You can find the document here: APIs for social scientists: A collaborative review. The introduction explains how this project came about.
Paul C. Bauer (current Editor), Jan Behnert, Lion Behrens, Chung-hong Chan, Bernhard Clemm von Hohenberg, Lukas Isermann, Philipp Kadel, Melike N. Kaplan, Jana Klein, Markus Konrad, Barbara K. Kreis, Camille Landesvatter (current Editor), Madleen Meier-Barthold, Ondrej Pekacek, Pirmin Stöckle, Dean Lajic
→ Let us know! 📧
- You can learn about an API by writing about it 💡
- You can help others to dive more quickly and more easily into the world of APIs.
- Your name will appear as one of the contributors and as the main author for the corresponding chapter.
- Provide feedback and let us know where you got stuck
- Highlight or correct errors by raising issues or by creating pull requests
- Write another review chapter of an API (please contact us by Email beforehand)
- To do so please check out examples of the other chapters for the structure, length and code examples. (1) We will ask you to send a .rmd file with the API review of your choice. (2) Provide all references in bibtex format (to be included into 'references_overall.bib') and use corresponding bibtex keys in your chapter (e.g., 'Dobbrick2021-iz'). (3) Store/Cache data from your API call and make it available (e.g., RDS object, csv, etc.)

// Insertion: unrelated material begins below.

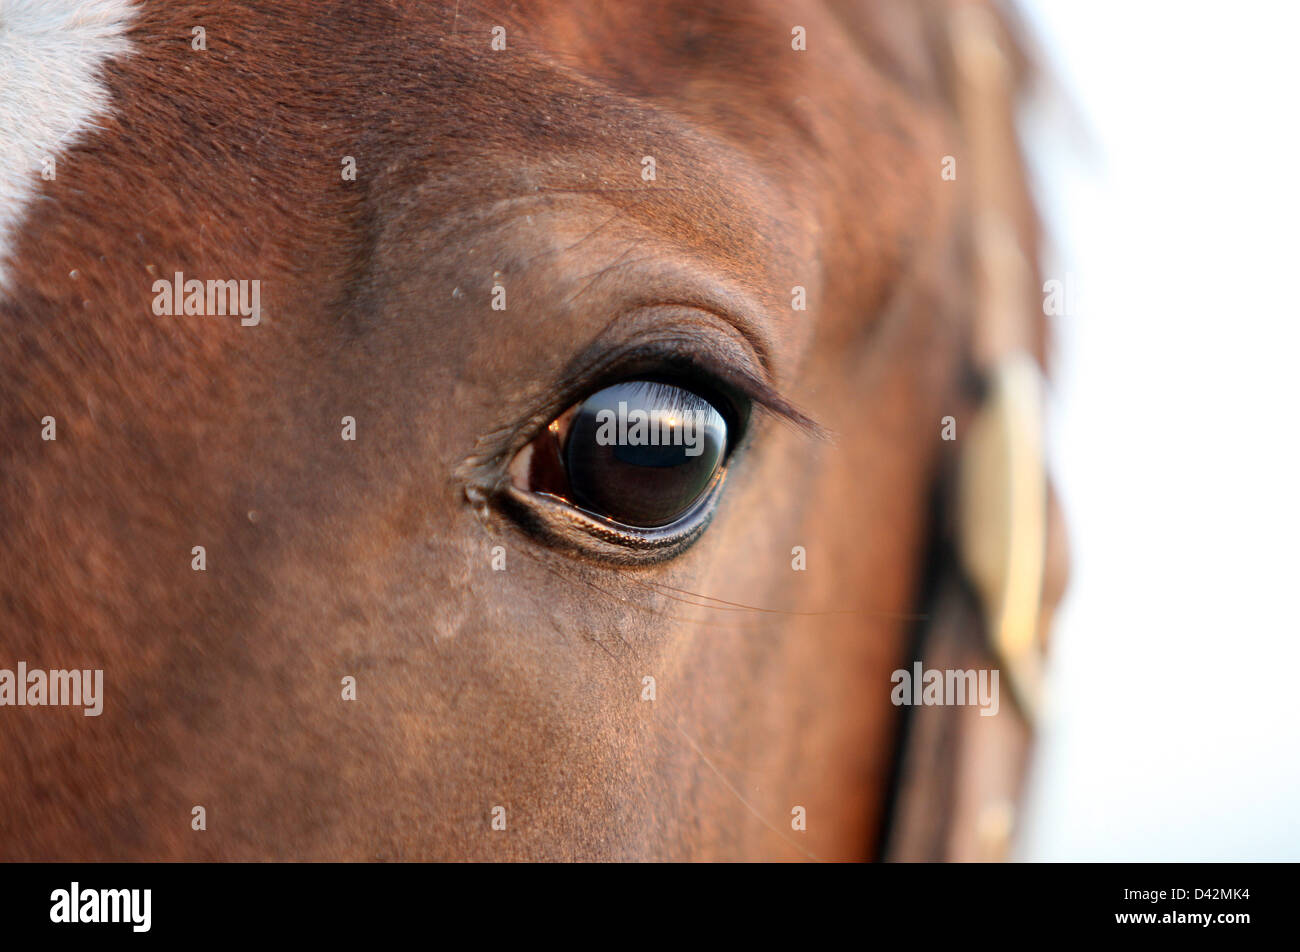 Görlsdorf, Germany, around the eyes of a horse Stock Photo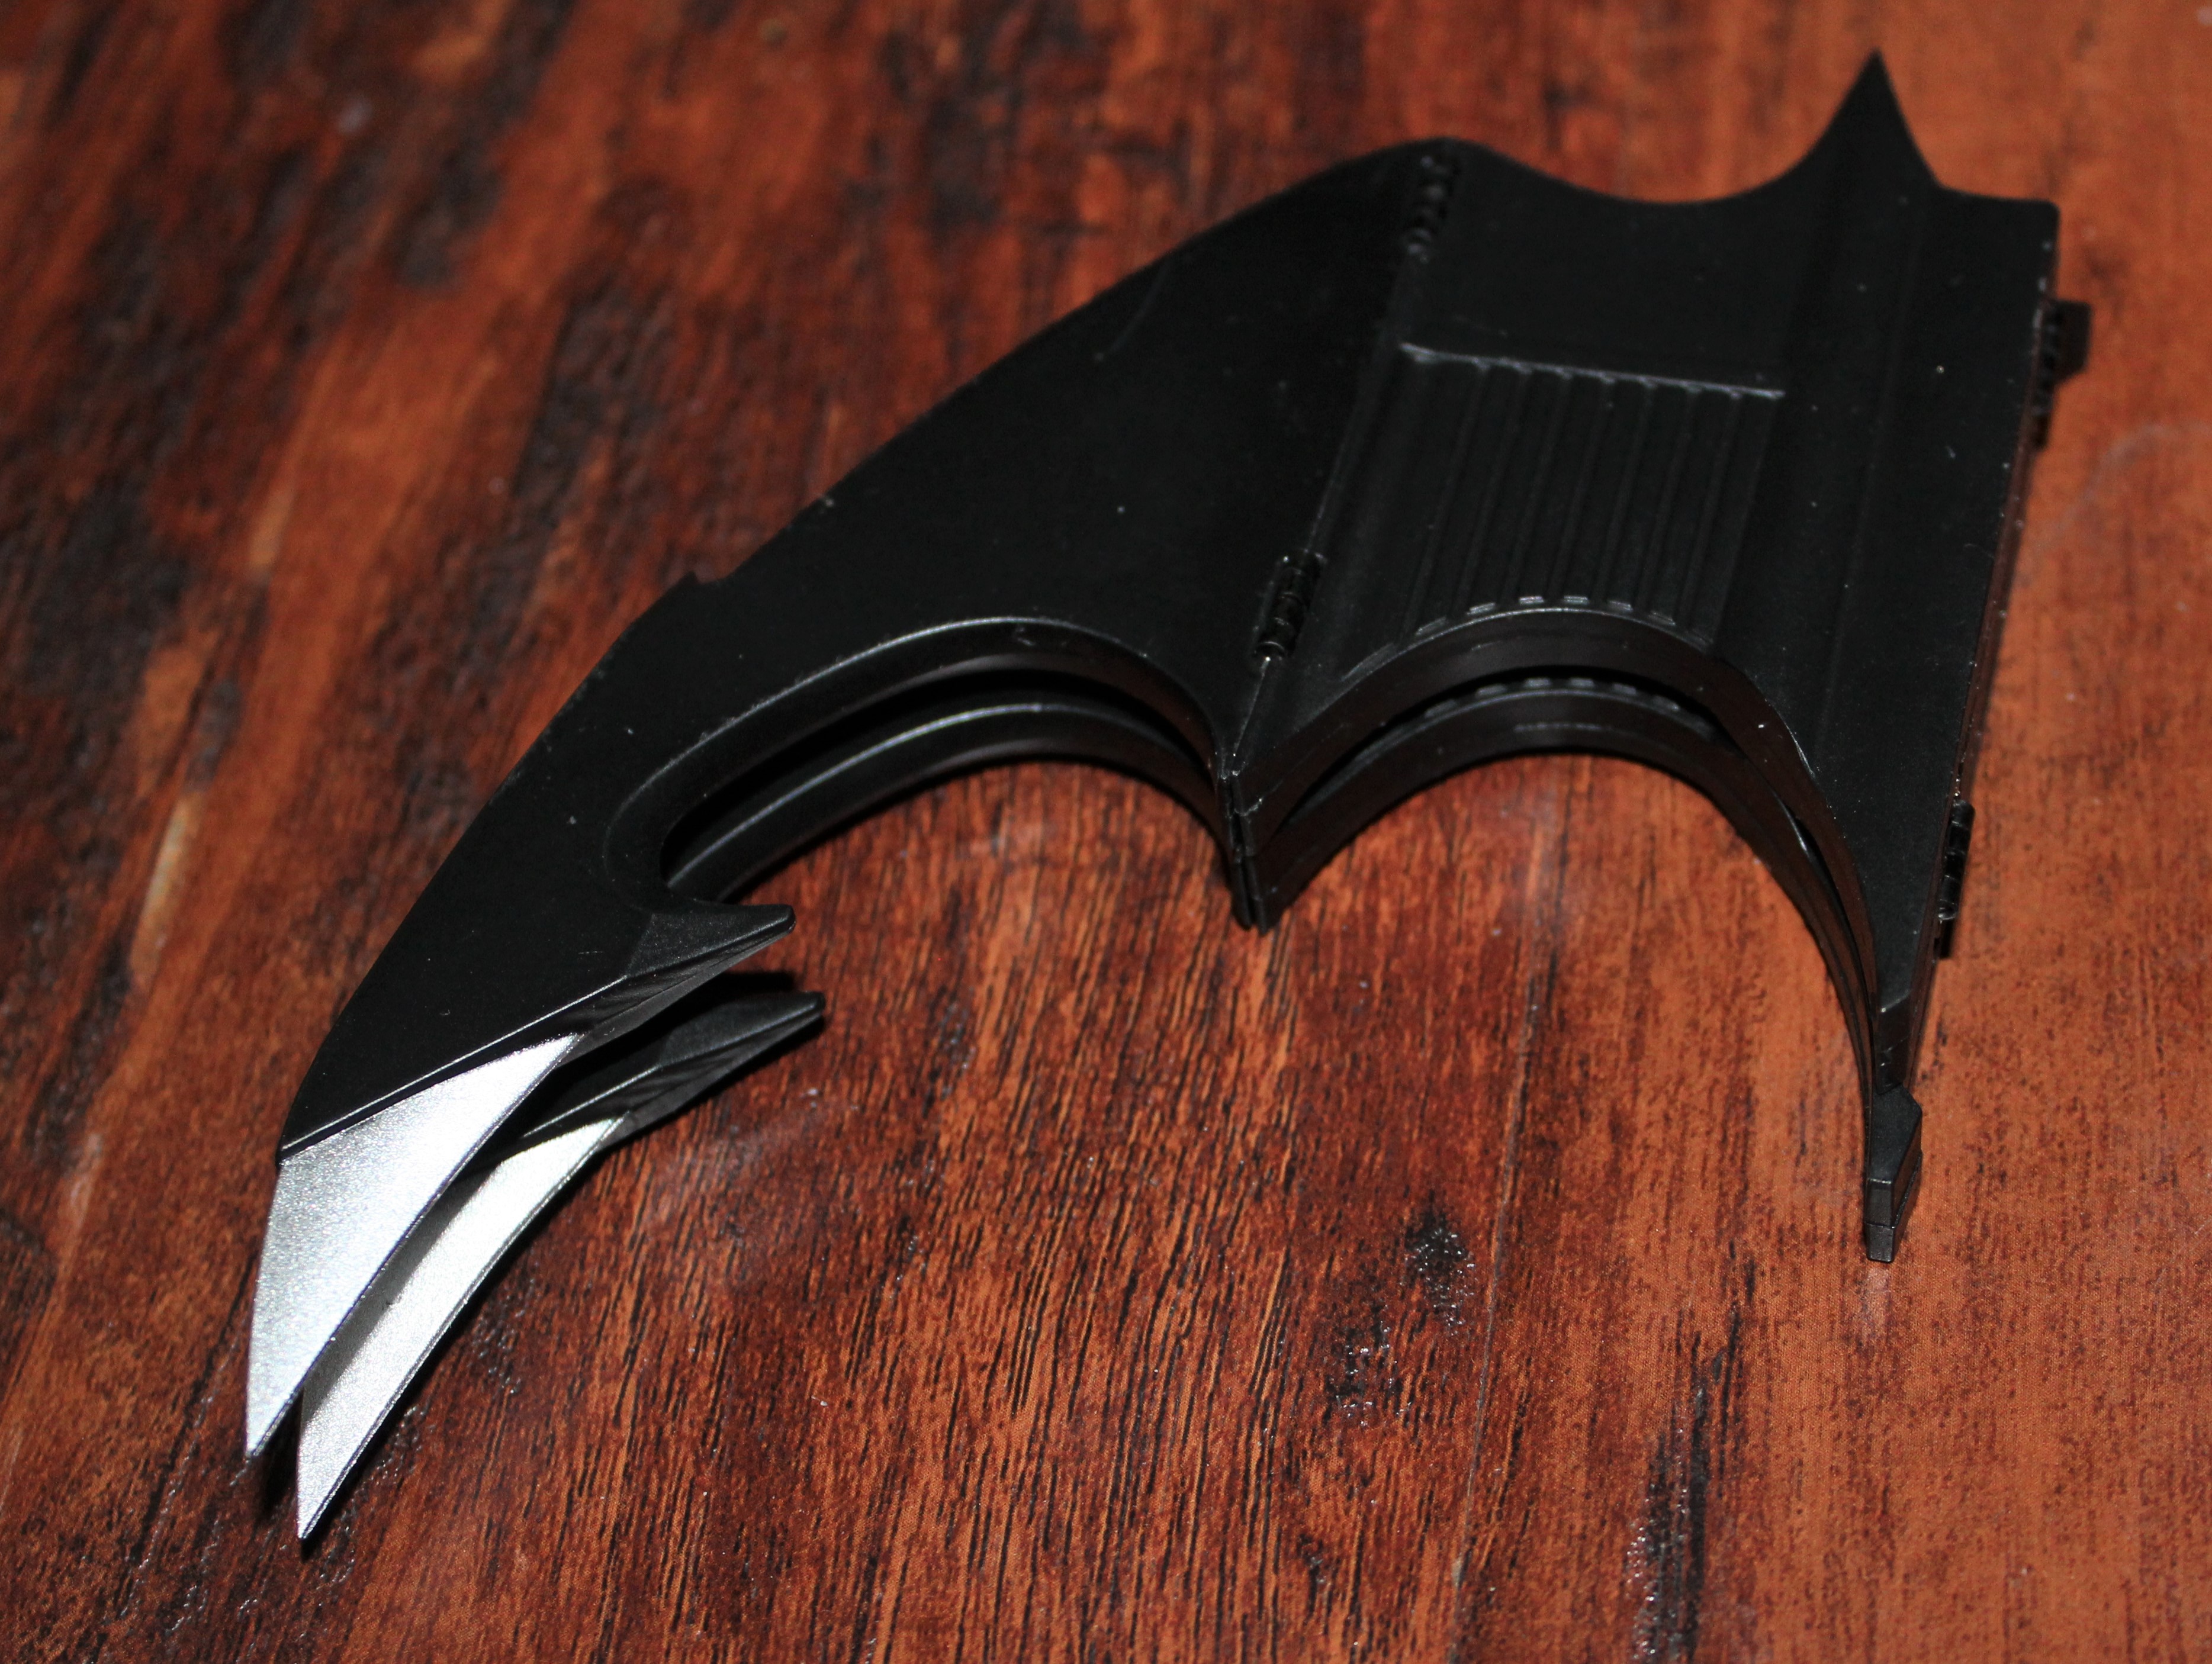 Batarang half-folded

- In principle you should be able to compile the website locally after cloning/forking the repo.
- Add references to (your) published research examples that use the corresponding APIs
- To do so please check out the examples in the chapters. (1) Provide a short sentence indicating how/for what the API was used. (2) Provide the reference in bibtex format (see 'references_overall.bib') and the bibtex key you used (e.g., 'Dobbrick2021-iz').
- See corresponding issue for an overview of new and incoming chapters.
- Descriptions of and code examples for APIs are only useful when they are up to date. Our plan is to update chapters that are outdated, e.g., if an API version changes. Sometimes this might require adding new authors/contributors to a chapter if the original authors become inactive.